• MATERIAL SHOWN:
Segment Open

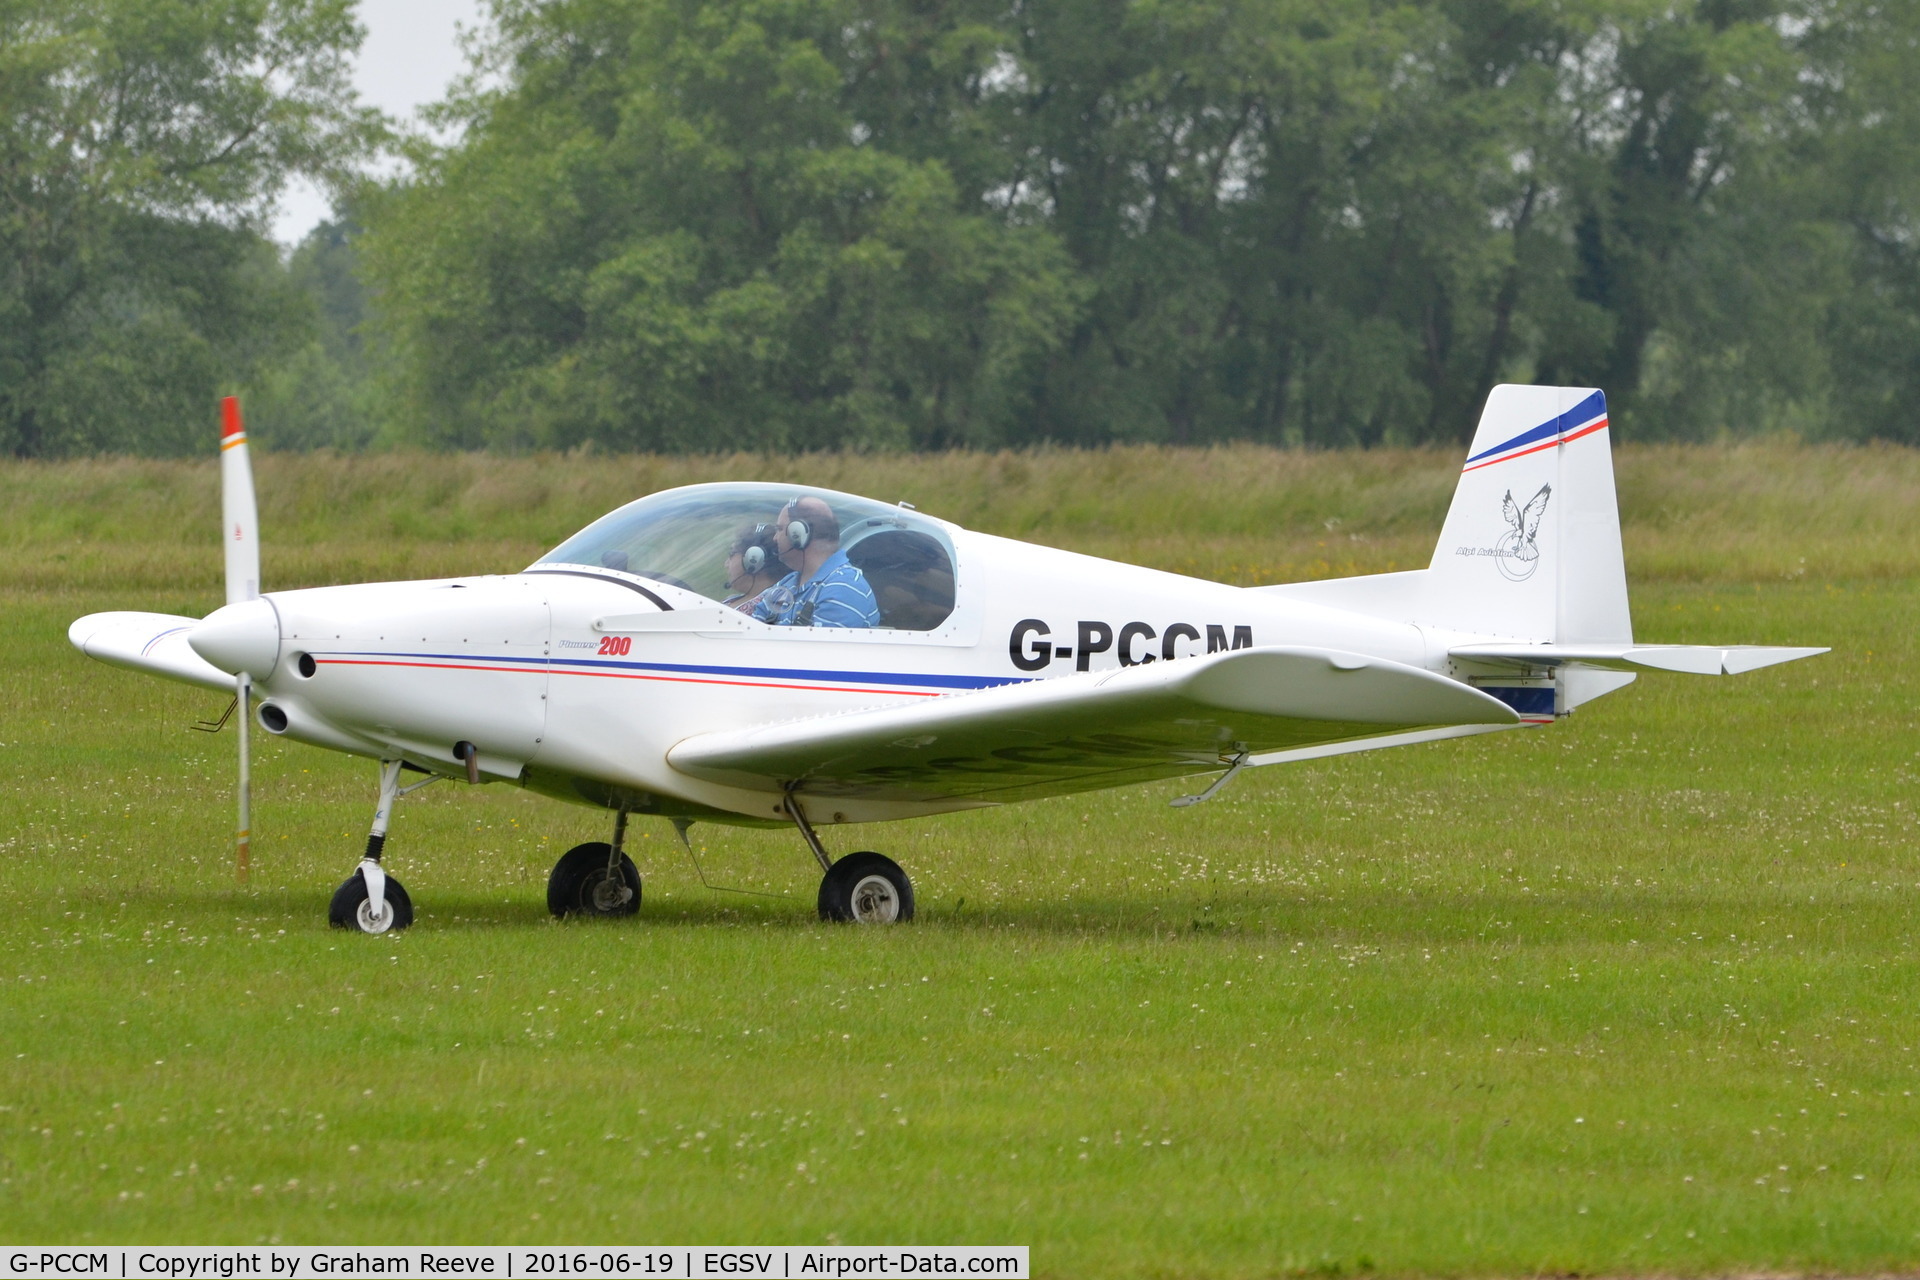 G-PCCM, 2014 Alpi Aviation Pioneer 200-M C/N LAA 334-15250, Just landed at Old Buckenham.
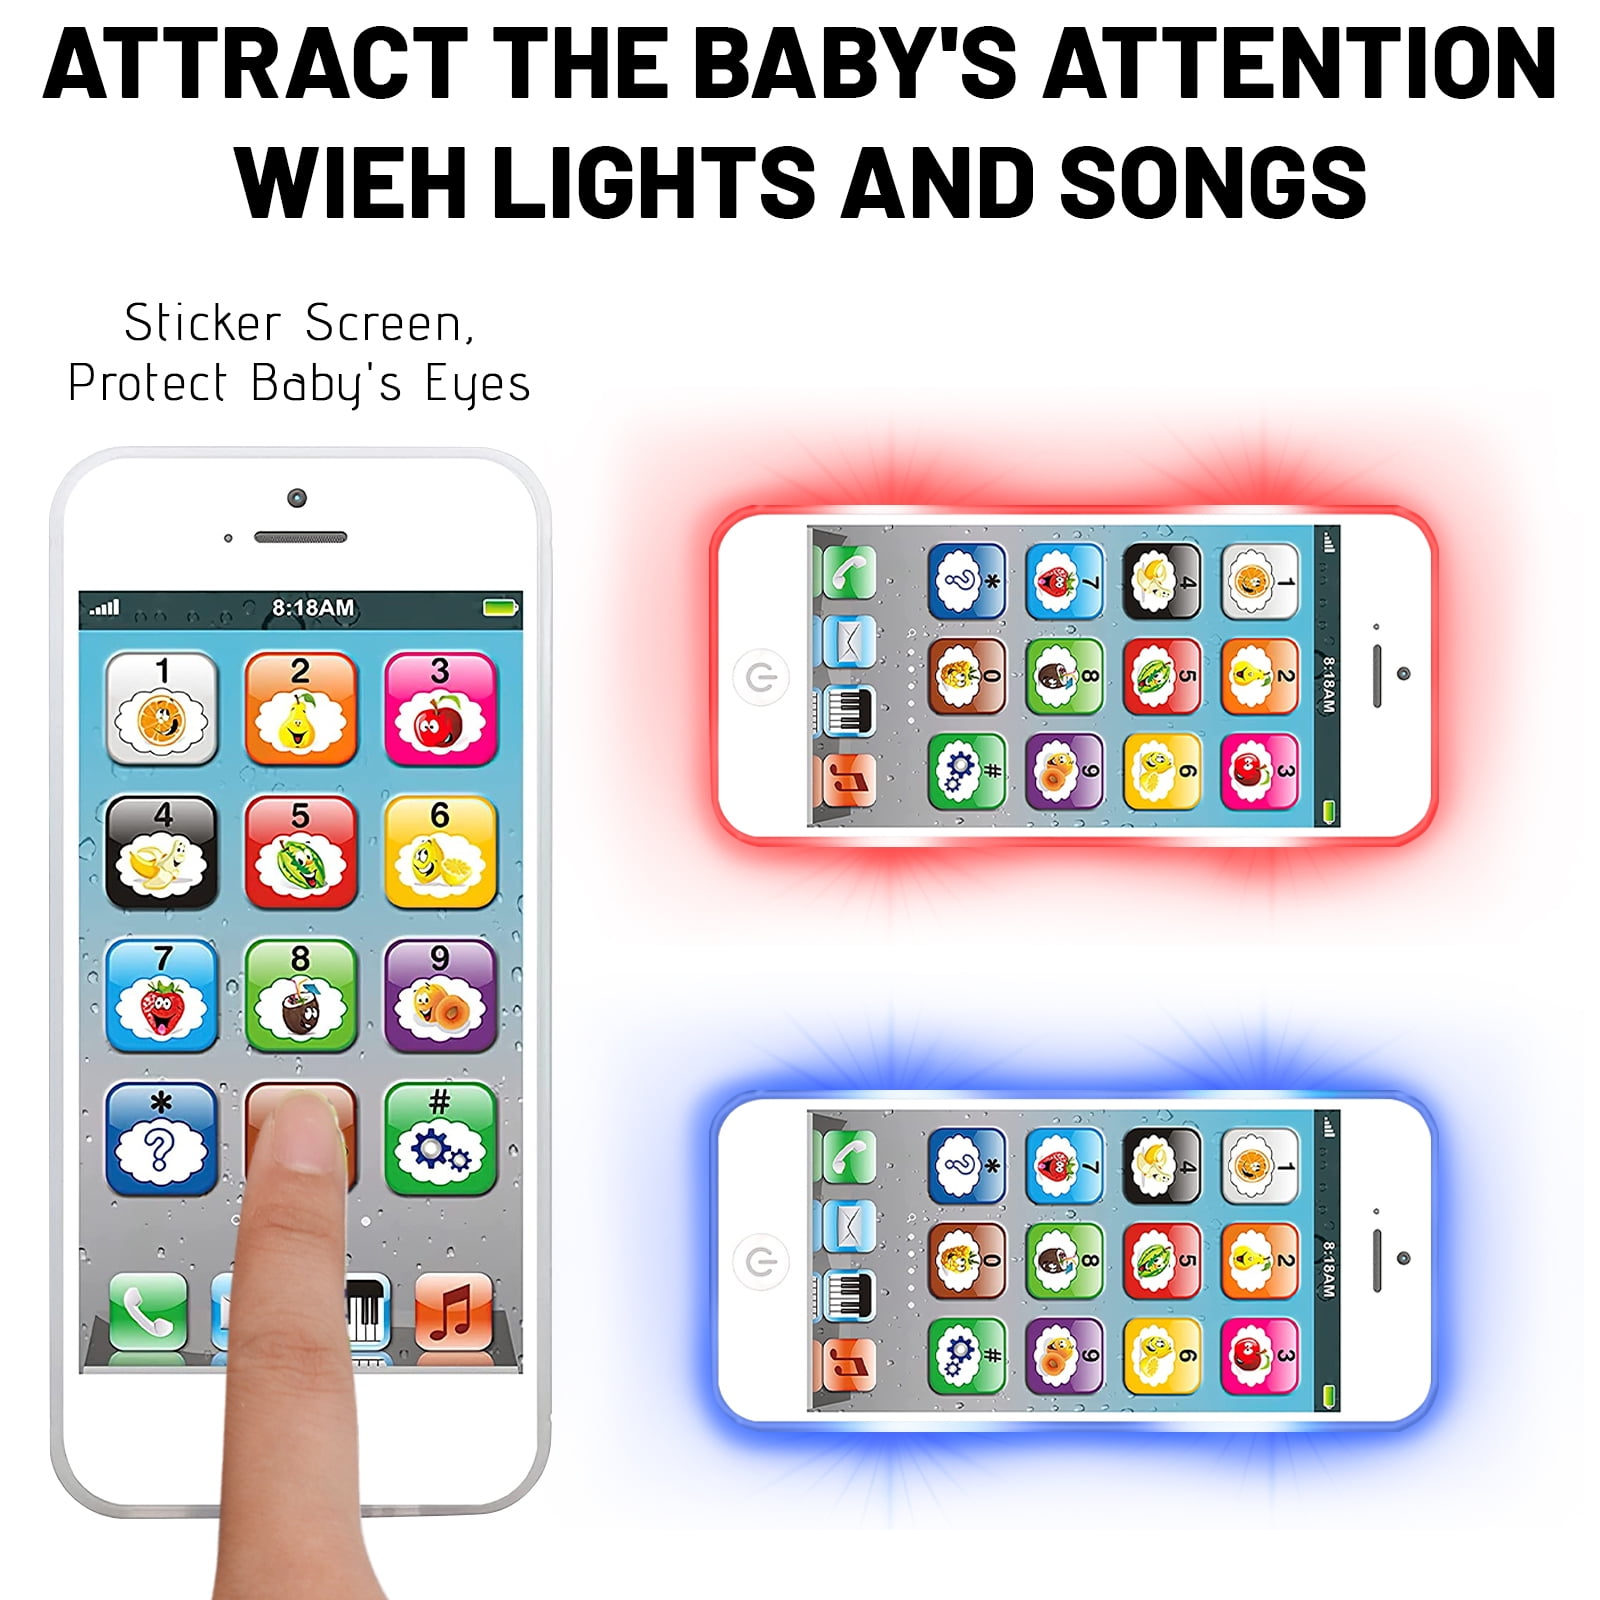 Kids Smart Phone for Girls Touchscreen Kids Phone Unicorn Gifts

Segment Closed
Segment Open

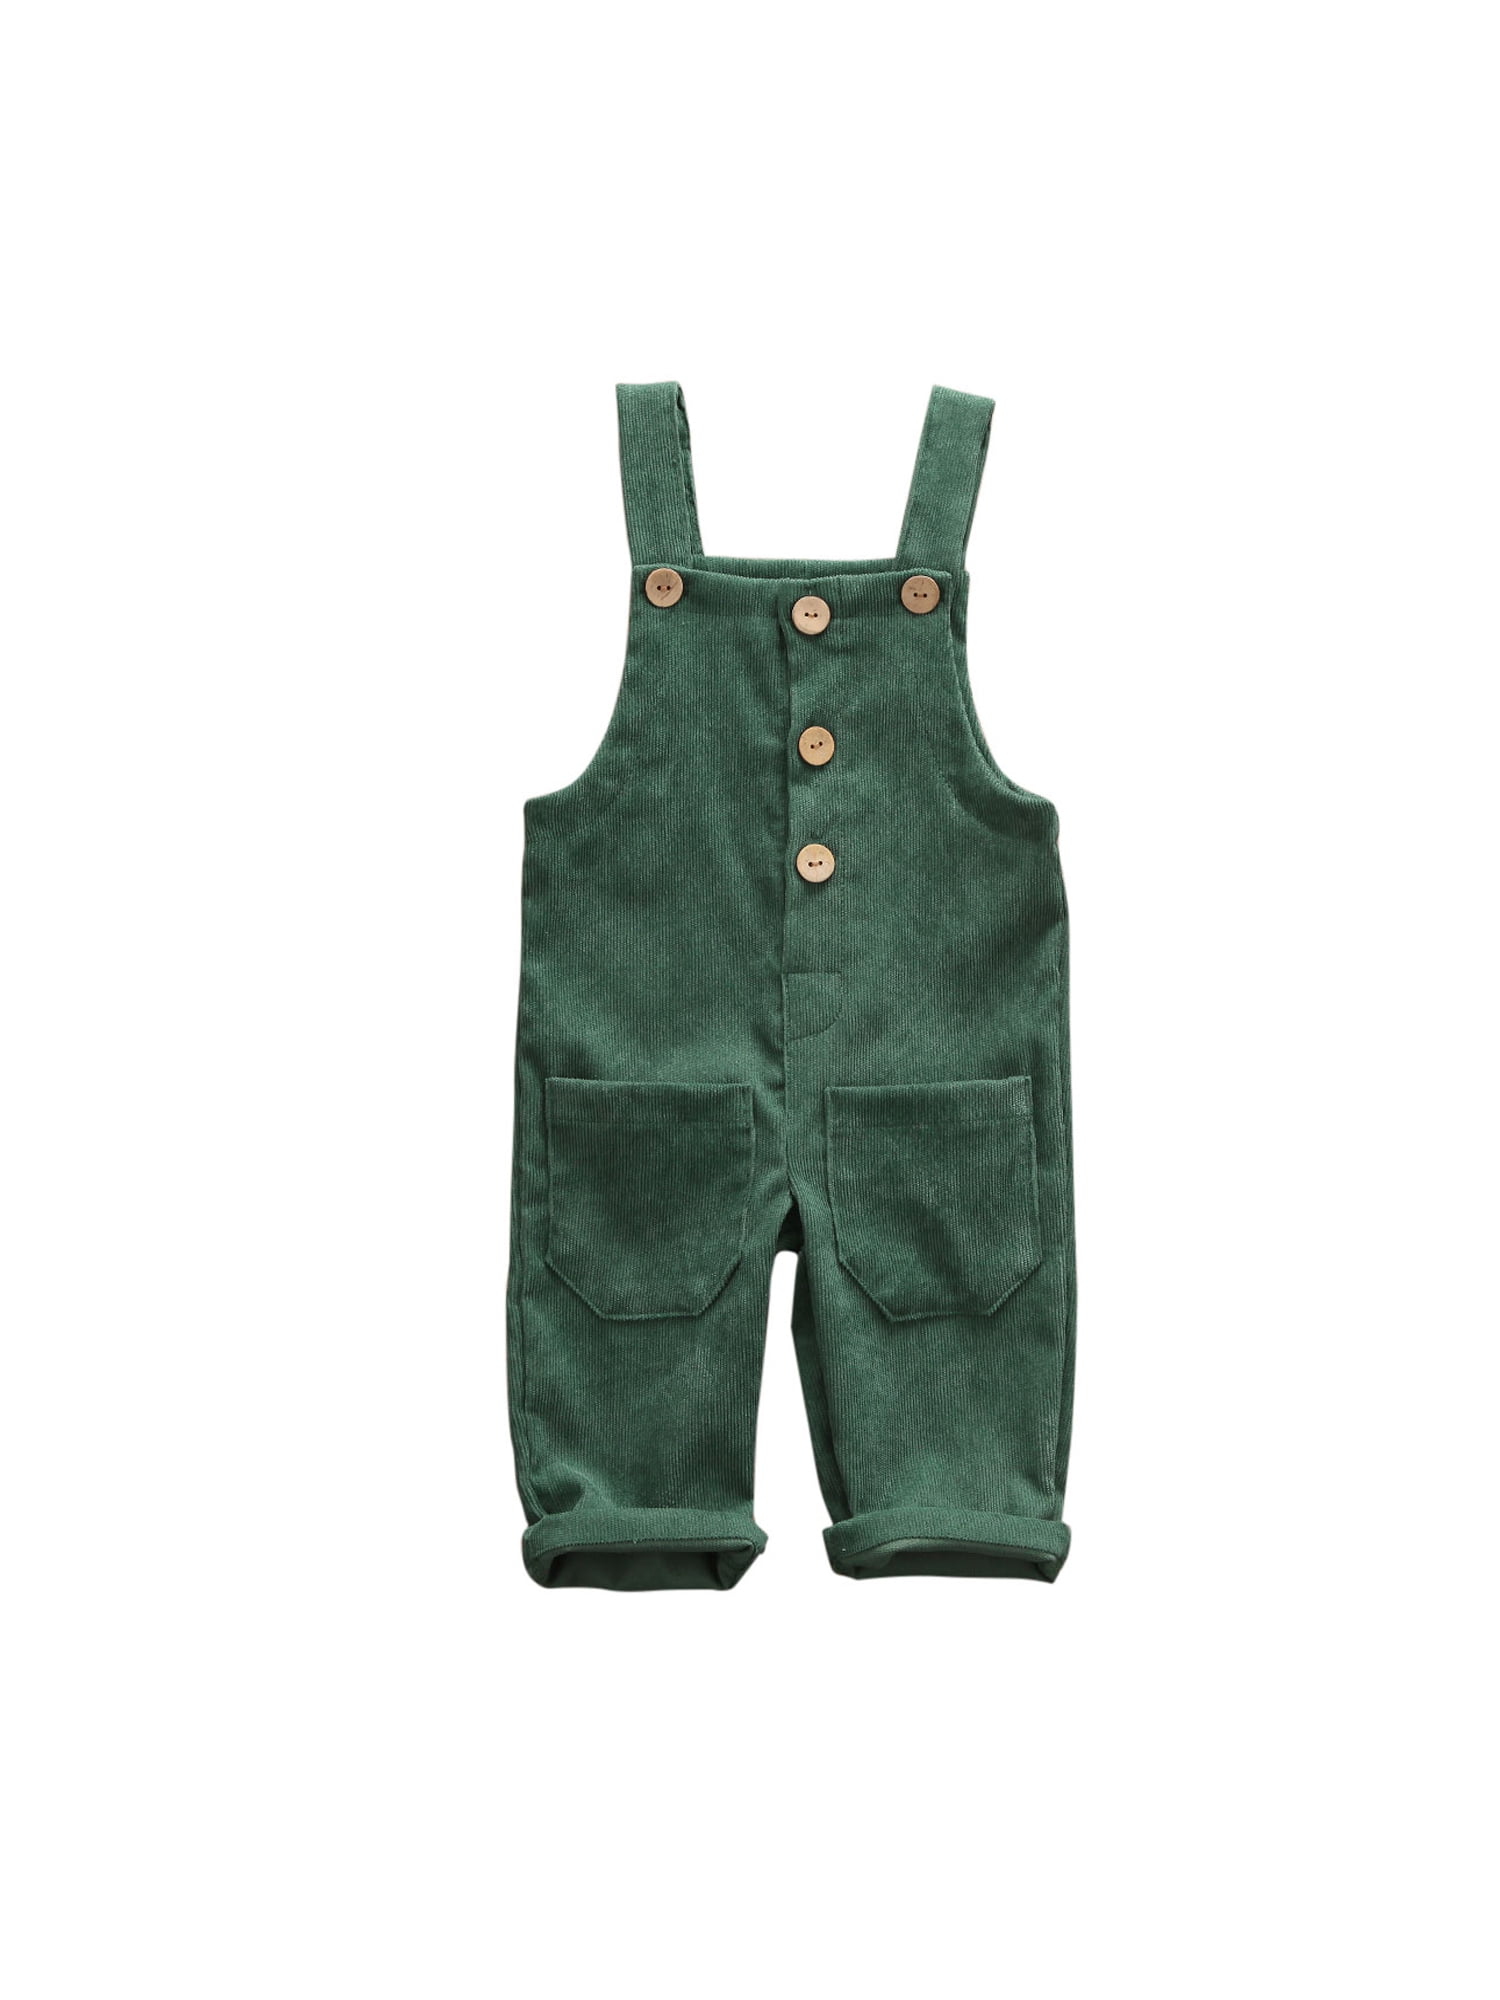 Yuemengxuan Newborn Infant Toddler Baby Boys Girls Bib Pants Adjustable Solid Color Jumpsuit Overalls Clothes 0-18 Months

Segment Closed

• PROBLEM DESCRIPTION:
After locating "G-PCCM, 2014 Alpi" and "Kids Smart Phone" in the records above, return exactly the line holding each one and every line between them; leave out the pictures.

• EXPECTED OUTPUT:
 G-PCCM, 2014 Alpi Aviation Pioneer 200-M C/N LAA 334-15250, Just landed at Old Buckenham.
 Kids Smart Phone for Girls Touchscreen Kids Phone Unicorn Gifts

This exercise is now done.